Job Hazard Analysis (JHA)

In Plain English

A written breakdown of a task that identifies each step's hazards and how to eliminate them.

Definition

A job hazard analysis (JHA) is a systematic process for identifying hazards associated with each step of a work task and determining the controls needed to eliminate or reduce risk. It is prepared before work begins, reviewed with workers, and updated when conditions change.
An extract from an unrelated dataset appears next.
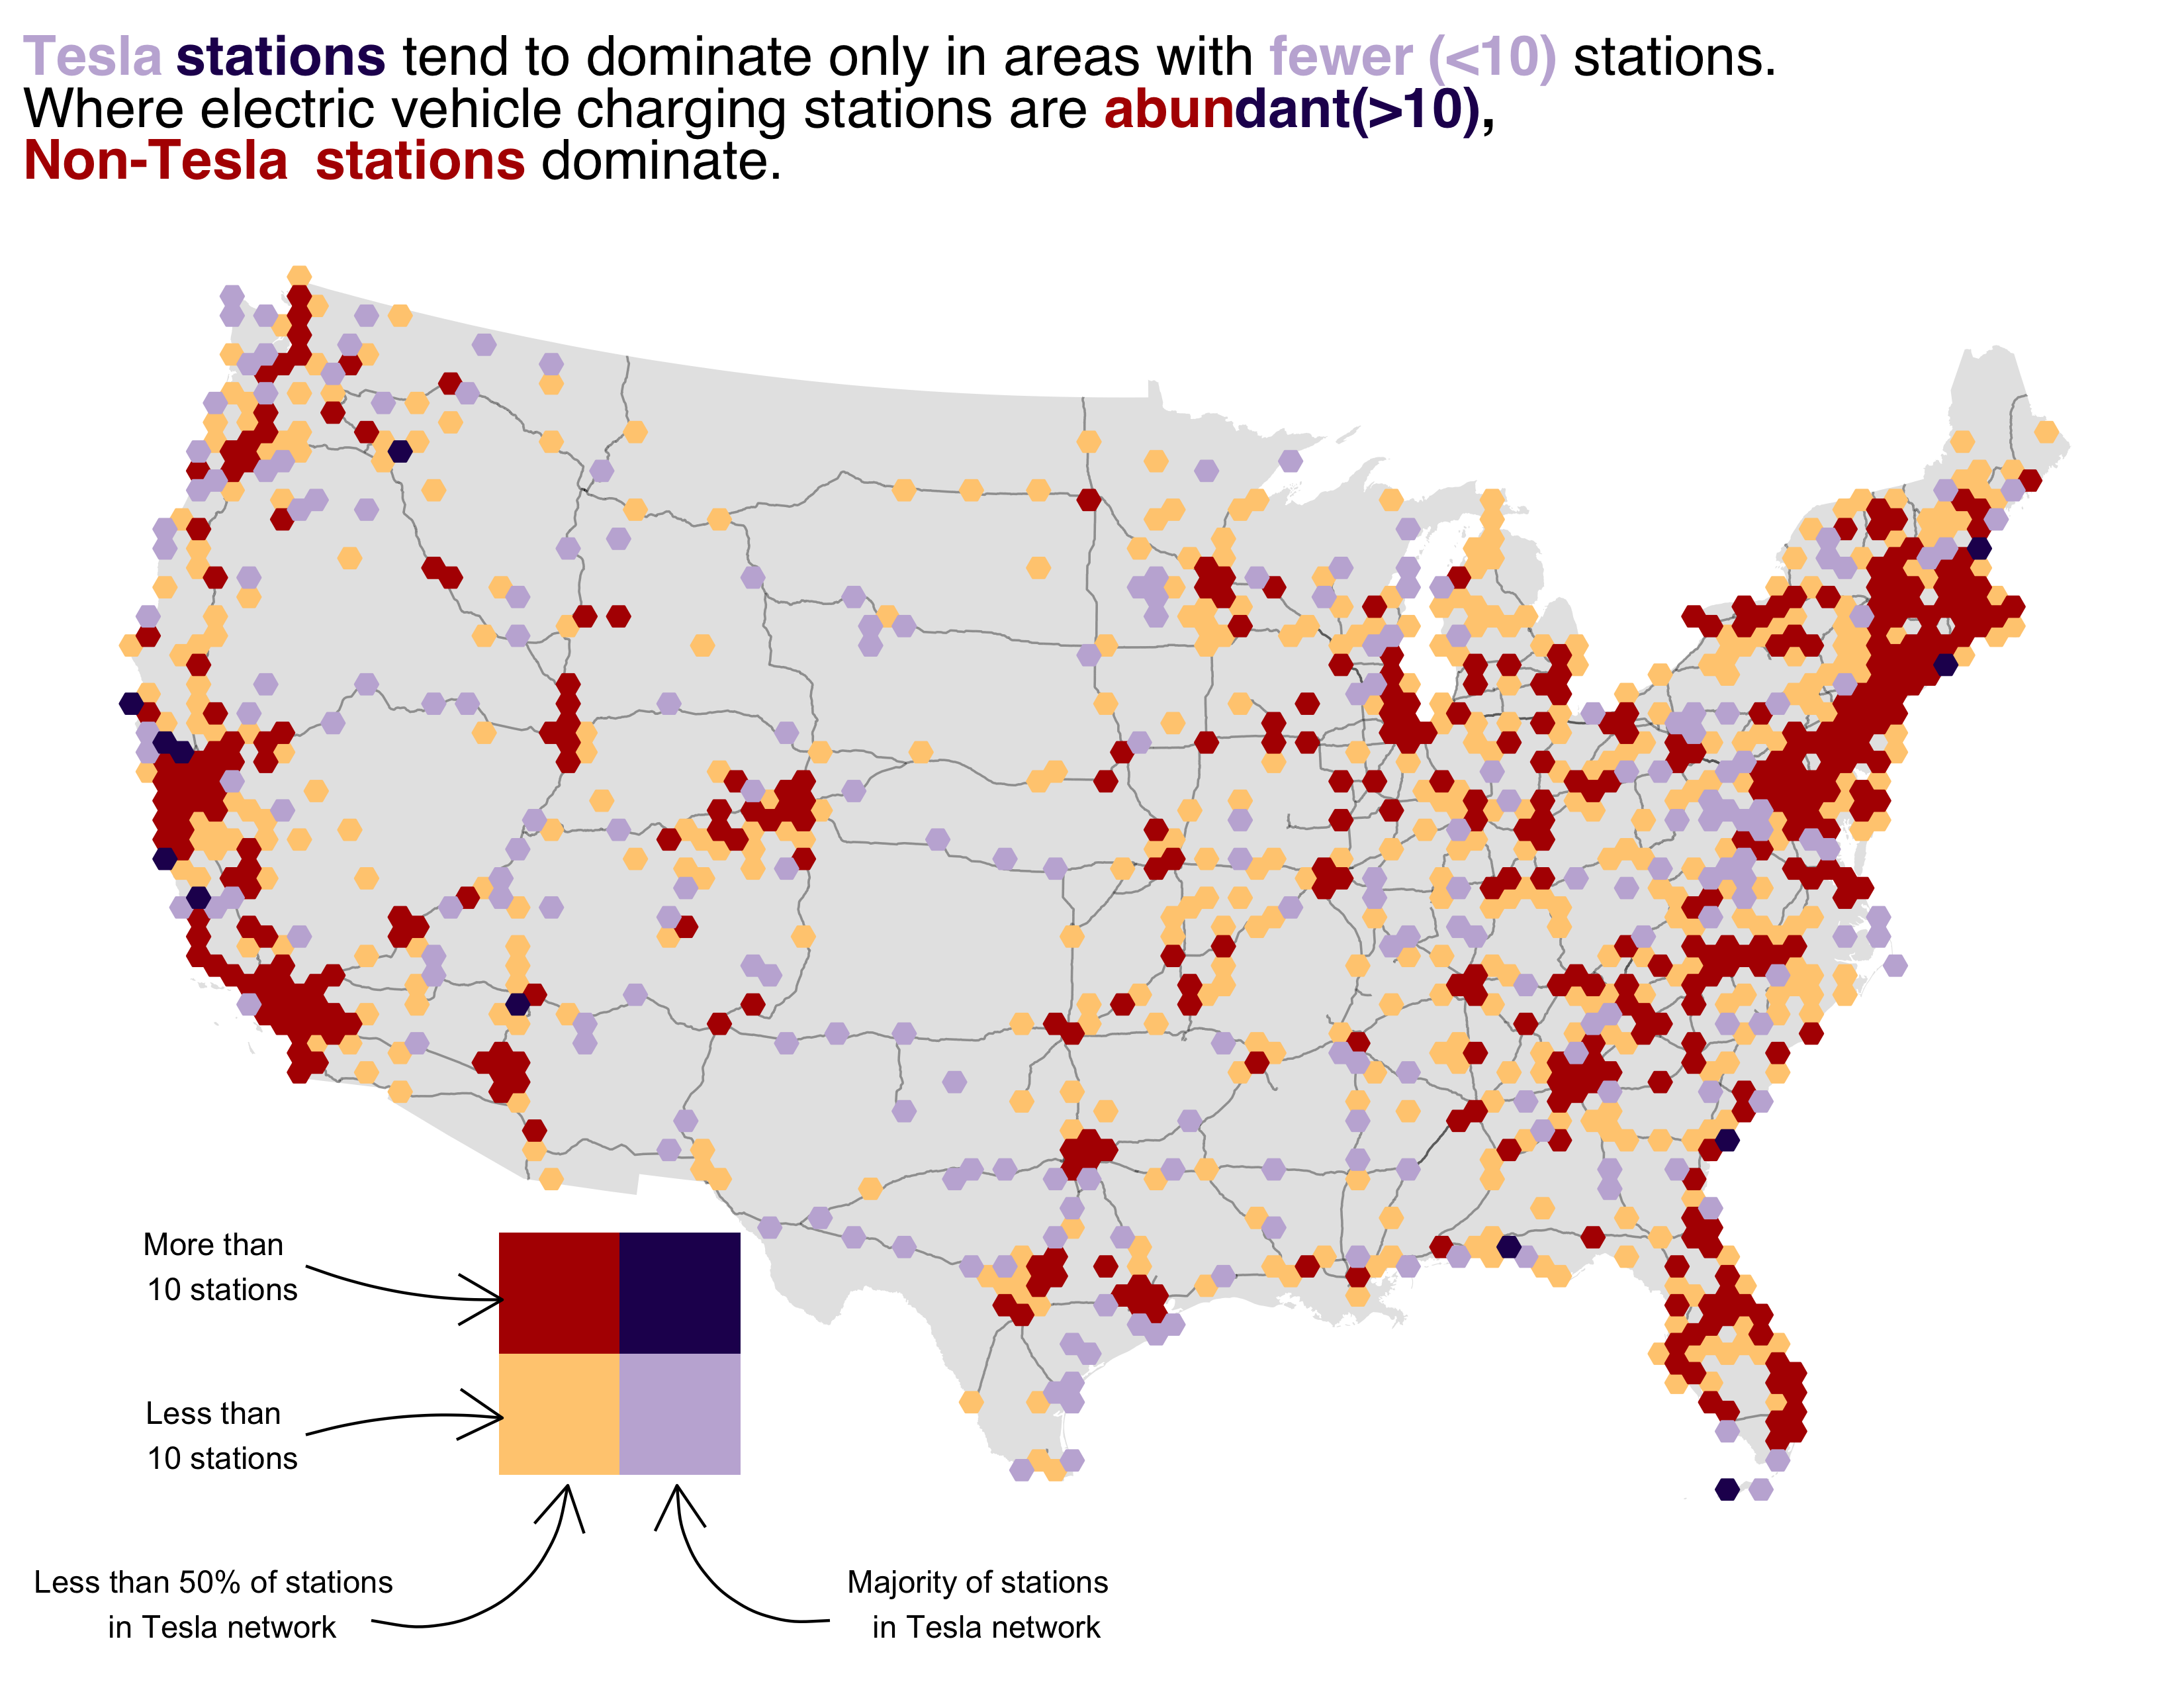 Bi-variate chloropleth map of electric vehicle charging station density in the continental US, where stations in the Tesla network only dominate in areas with fewer than 10 stations, and areas where charging stations are more abundant are dominated by stations outside of the Tesla network.

JHAs serve as the foundation for site safety plans and toolbox talks.

Why It Matters in Bidding

A JHA turns safety from a line-item assumption into a defined, costable plan, letting estimators price the specific controls, PPE, equipment, and crew time a task actually requires rather than guessing. On bid day, projects with serious fall, confined-space, or excavation exposure often demand JHAs in the safety plan, and underpricing those controls erodes margin or invites shutdowns and citations once work begins.

Example

Before bidding a steel erection package, the estimator reviews the JHA for working at heights, prices the engineered fall-arrest anchorage, controlled-access zones, and the extra crew time for tie-off, and carries it as a distinct line rather than burying it in general conditions.

Related Terms

Related Tools & Templates

Frequently Asked Questions

The competent person or supervisor responsible for the task usually drafts the JHA, often with input from the crew who perform the work and the site safety manager. It is reviewed with workers before the task starts and revised whenever methods, equipment, or site conditions change, keeping the analysis tied to actual field conditions.
A JHA is a formal, written breakdown of one task into steps, hazards, and controls, prepared before work begins. A toolbox talk is a short, recurring field briefing that often draws on the JHA to remind crews of that day's hazards. The JHA is the planning document; the toolbox talk is the daily reinforcement.
Indirectly but materially. JHAs identify controls that carry real cost, such as shoring, fall protection systems, ventilation, atmospheric monitoring, and added crew time. Estimators who use JHAs to scope these controls during the bid avoid pricing surprises, shutdowns, and OSHA exposure that otherwise surface mid-project and consume contingency and profit.